Ma venne il tempo di abbandonare le coste per la minaccia dei Saraceni, e di Poliporto restò appena il nome. I superstiti, lungo il Beltrame, fondarono un borgo fortificato, che ebbe nome di Suberatum, terra di sugheri.
Nonostante questo nome latino, l'antichissima Soverato appare di cultura bizantina fino almeno al XIV secolo. Con l'arrivo dei Normanni, si trovò a lungo legata alla contea di Squillace, feudo di signori normanni, poi degli angioini Monfort e dei Ruffo di Catanzaro e Crotone; infine dei principi Borgia d'Aragona.

ippocampo soveratoAi primi del XVII secolo, dissoltosi questo principato, Soverato passa ai Loffredo, agli Sculco, e, nel 1634, ai Marincola di Petrizzi, che ne sono baroni: l'ultimo loro erede, don Diego, morì nel 1953. Per quanto difesa da mura, venne saccheggiata dai Turchi nel 1594. Ma i predoni non poterono portarsi via la campana d'oro, e questa cadde nel fiume Beltrame: ogni anno suona un solo rintocco, la Notte di Natale, e in quel momento gli animali parlano. In quello 1594 anno moriva presso Napoli fra' Giacomo da Soverato, santo e dotto cappuccino, e diffinitore generale del suo Ordine.

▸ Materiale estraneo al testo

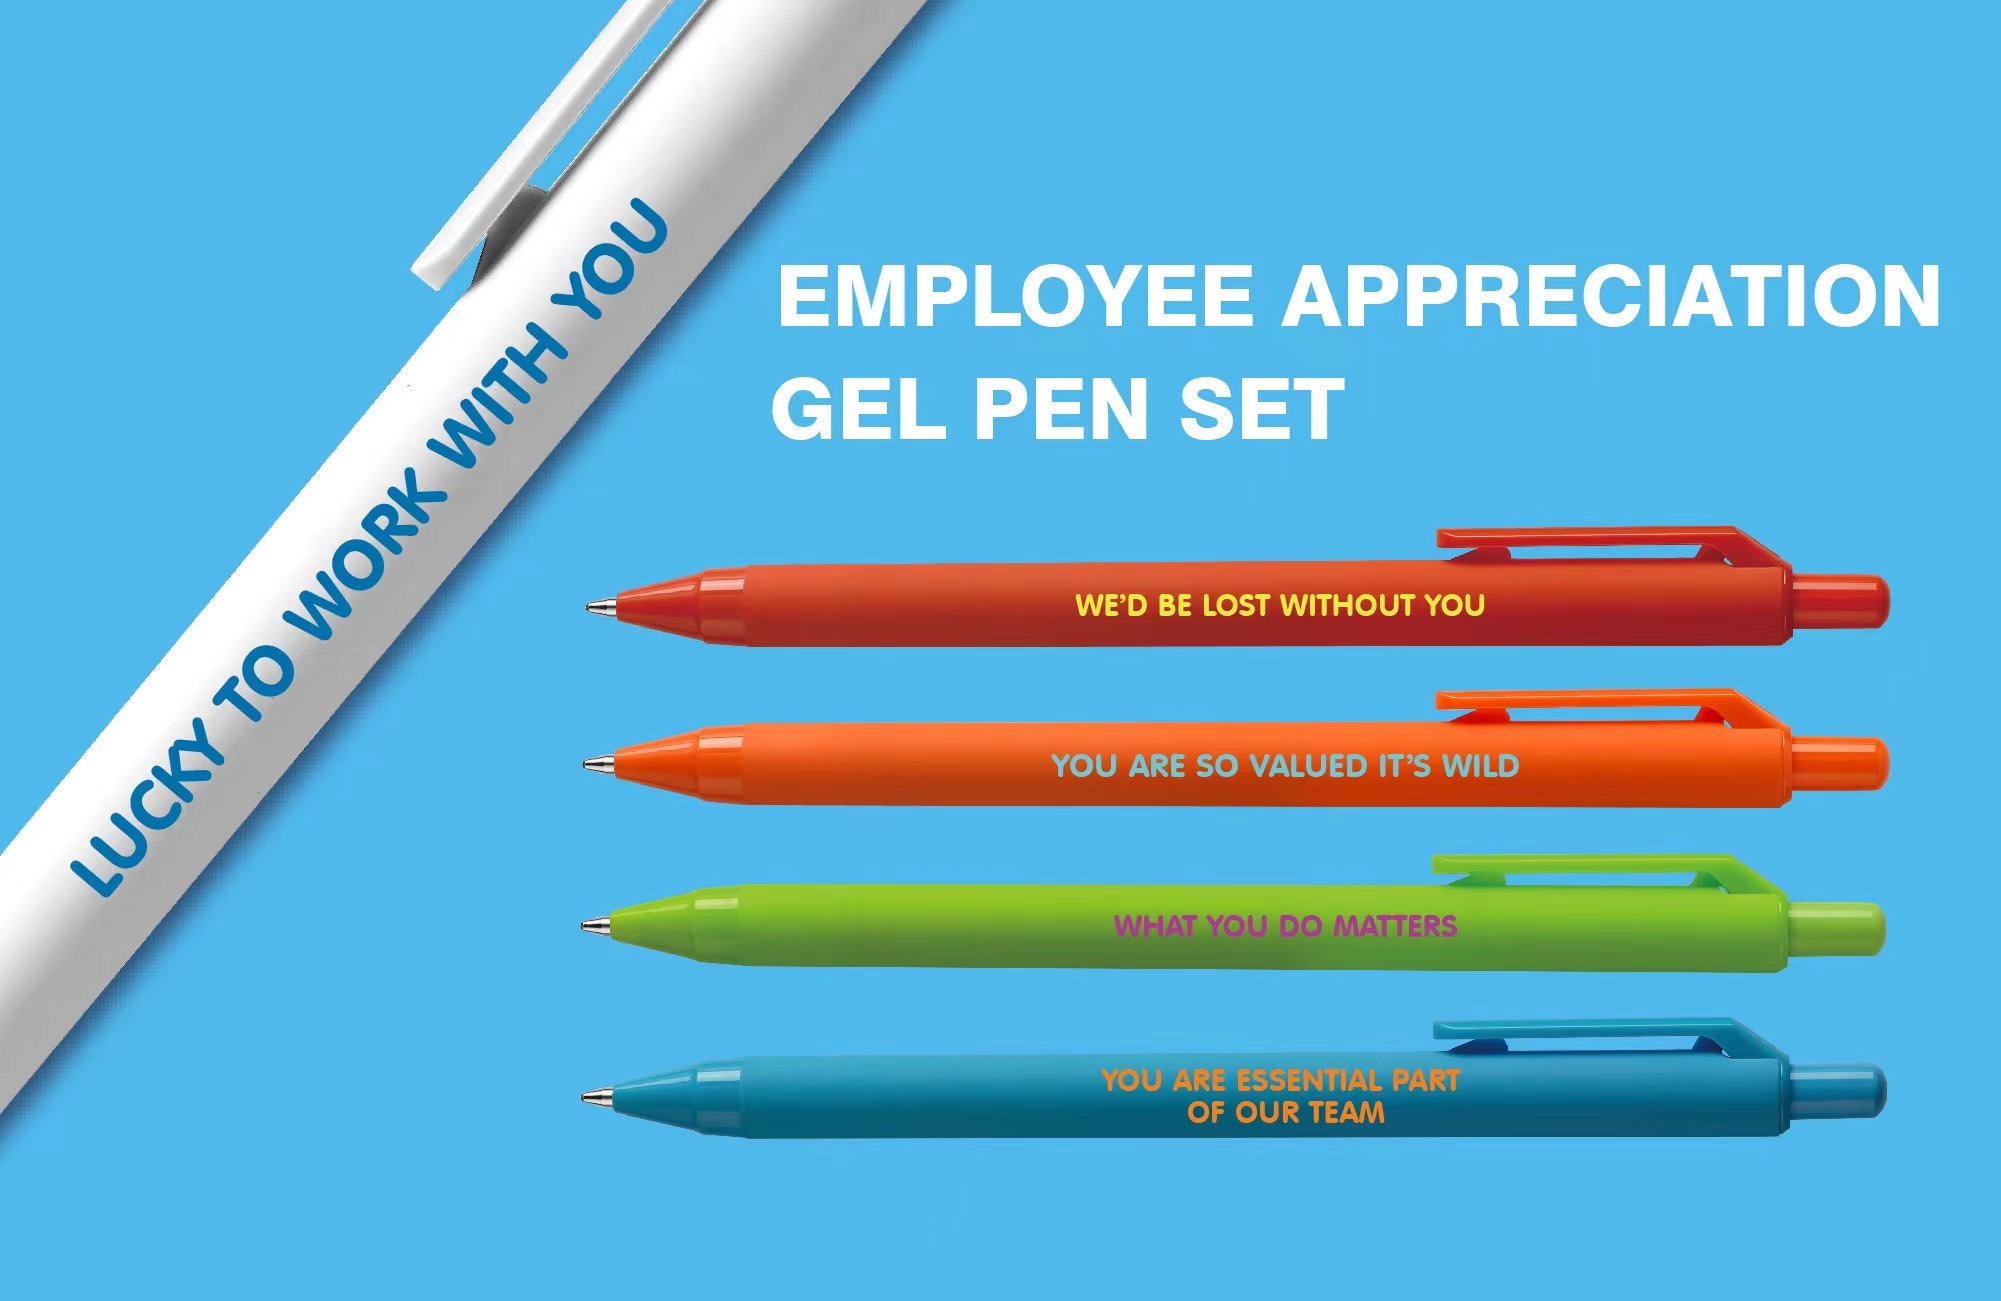 Funny Pens, Thank You Gifts for Coworkers, Pens, Coworker Gift 
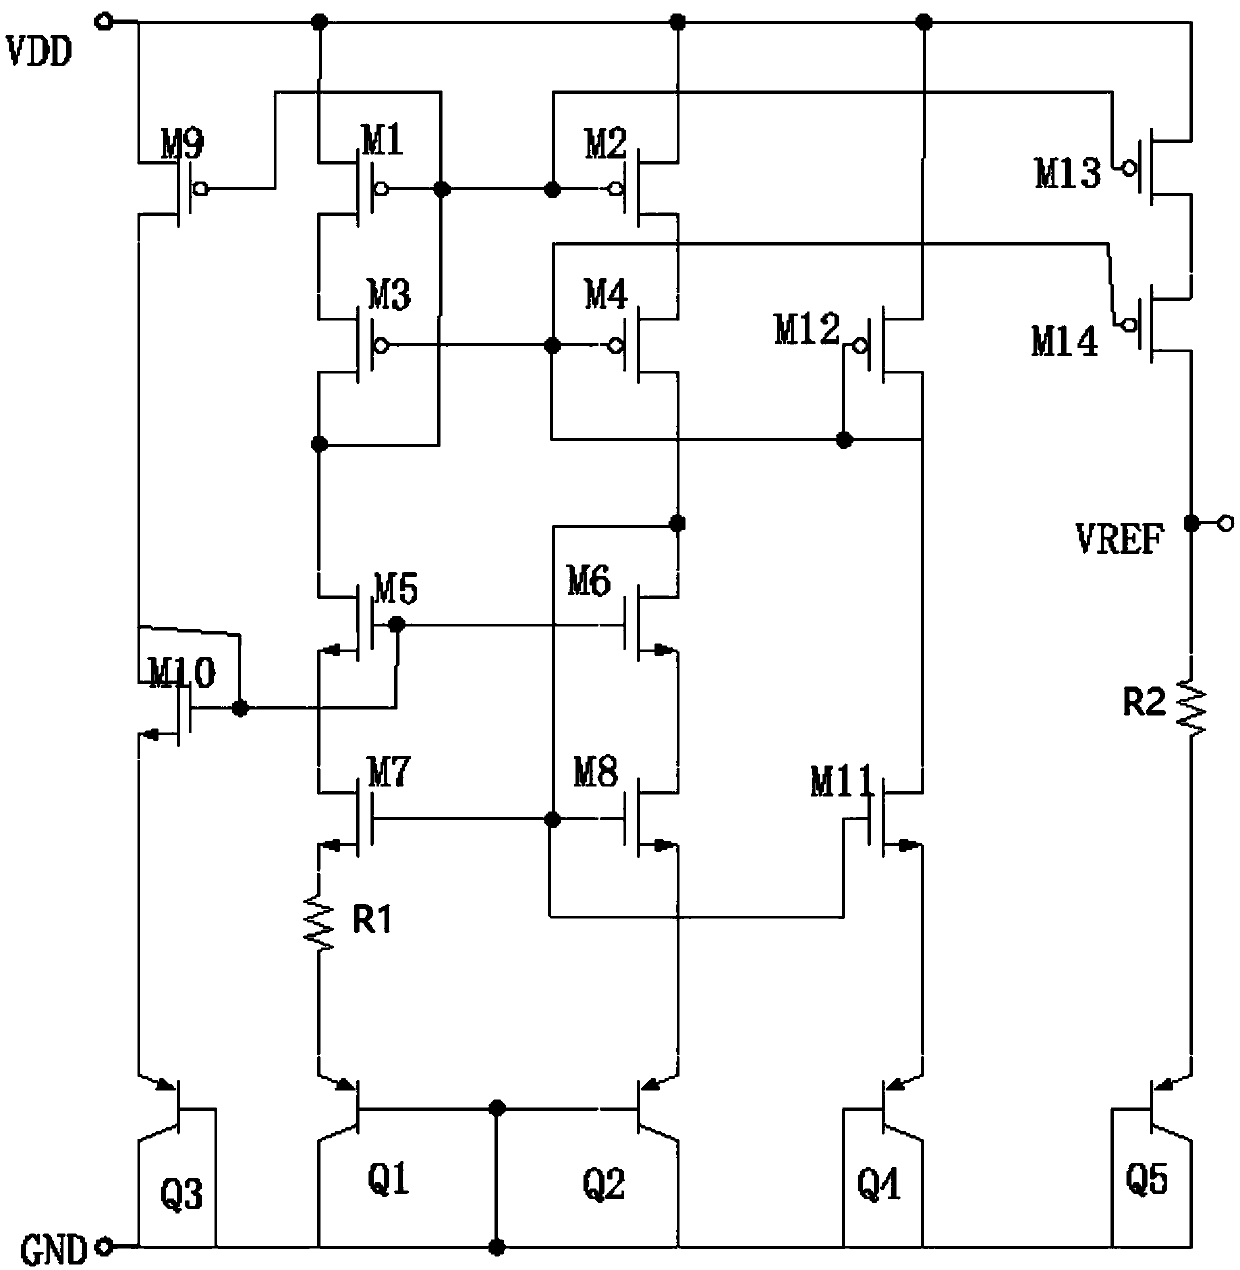 Band-gap reference voltage source capable of improving upper limit of power supply voltage fluctuation

Nel 1510 Francesco Marini da Zumpano, agostiniano riformato, aveva fondato nel territorio di Soverato il convento della Pietà. Egli desiderava una statua dell'Addolorata, e ne ottenne il marmo con un miracolo: fece riemergere una nave affondata che lo trasportava. Ma il bel gruppo della Deposizione è opera di Antonio Gagini da Palermo, e reca la data del 1512. Un altro segno divino decise che la Statua venisse da noi. Distrutto il convento dal terremoto del 1783, il gruppo fu posto sopra un carro a buoi senza conducente, e gli animali presero la via di Soverato.

Il terribile sisma devastò Soverato "Vecchio"; abbandonate le case devastate, i Soveratani fondarono un nuovo paese e una nuova chiesa. Ora tra i ruderi deserti di tanto in tanto si sente il rumore di un martello che picchia sull'incudine. È il fantasma del fabbro. Nei pressi del cimitero, lungo la vecchia strada selciata oggi divorata dall'asfalto, compare di tanto in tanto l'ombra di un uomo trafitta da un pugnale nella schiena.

Anche Soverato, come tutti i luoghi di millenaria storia, ha dunque i suoi spettri. Nella piccola frazione di S. Maria di Poliporto, borgo di pescatori, nacque, l'anno 1852, quel Carlo Amirante che oggi è agli onori degli altari.

Pochi lustri dopo la modesta marina diveniva un ricco centro di commerci e industrie ad opera di famiglie di imprenditori giunte da tutta l'Italia Meridionale. Con grande lungimiranza, la sede comunale vi veniva trasferita già nel 1881. Fu allora che la Marina si impose come località di villeggiatura e bagni. Sorgevano imponenti palazzi e attivi "cantieri" e industrie; nel 1904 la Marina si dotava di una sua chiesa, che nel 1941 diveniva Parrocchia autonoma; nel 1908 i Salesiani istituivano, dopo l'Oratorio, un Ginnasio-Liceo, che faceva di Soverato anche un rinomato centro di studi. Scuole pubbliche e private, uffici, comandi militari, stabilimenti balneari e associazioni culturali rendono Soverato una città particolarmente attiva.

TRADIZIONI:
Nel calendario delle ricorrenze e festività religiose locali, un posto di rilievo spetta ai Riti della Settimana Santa a Soverato Superiore, che hanno inizio al giovedì con la "Presa di Gesù nell'orto" e si concludono Domenica di Pasqua con a "Cumprunta", con l'incontro, cioè di Gesù risorto con la Madonna.
In estate, assai caratteristica è la festa di Maria SS. di Porto Salvo, protettrice dei marinai (seconda domenica di Agosto), con processione a mare e corteo di barche, giochi popolari e spettacolo pirotecnico notturno. Quanto alle fiere tradizionali, da segnalare quelle della "Galilea" (lunedì-martedì dopo Pasqua) e di Sant'Anna (fine Luglio). Tra le manifestazioni ricorrenti della stagione estiva, oltre ai tornei e alle gare sportive, da ricordare le Sagre di mezza estate a Soverato Superiore, quella delle "sarde e peperoni fritti" (un piatto tipicamente locale) e la "Sagra della melanzana" che ha luogo a Soverato Superiore la terza domenica di Settembre, in occasione della Festa della Patrona, Maria SS. dell'Addolorata.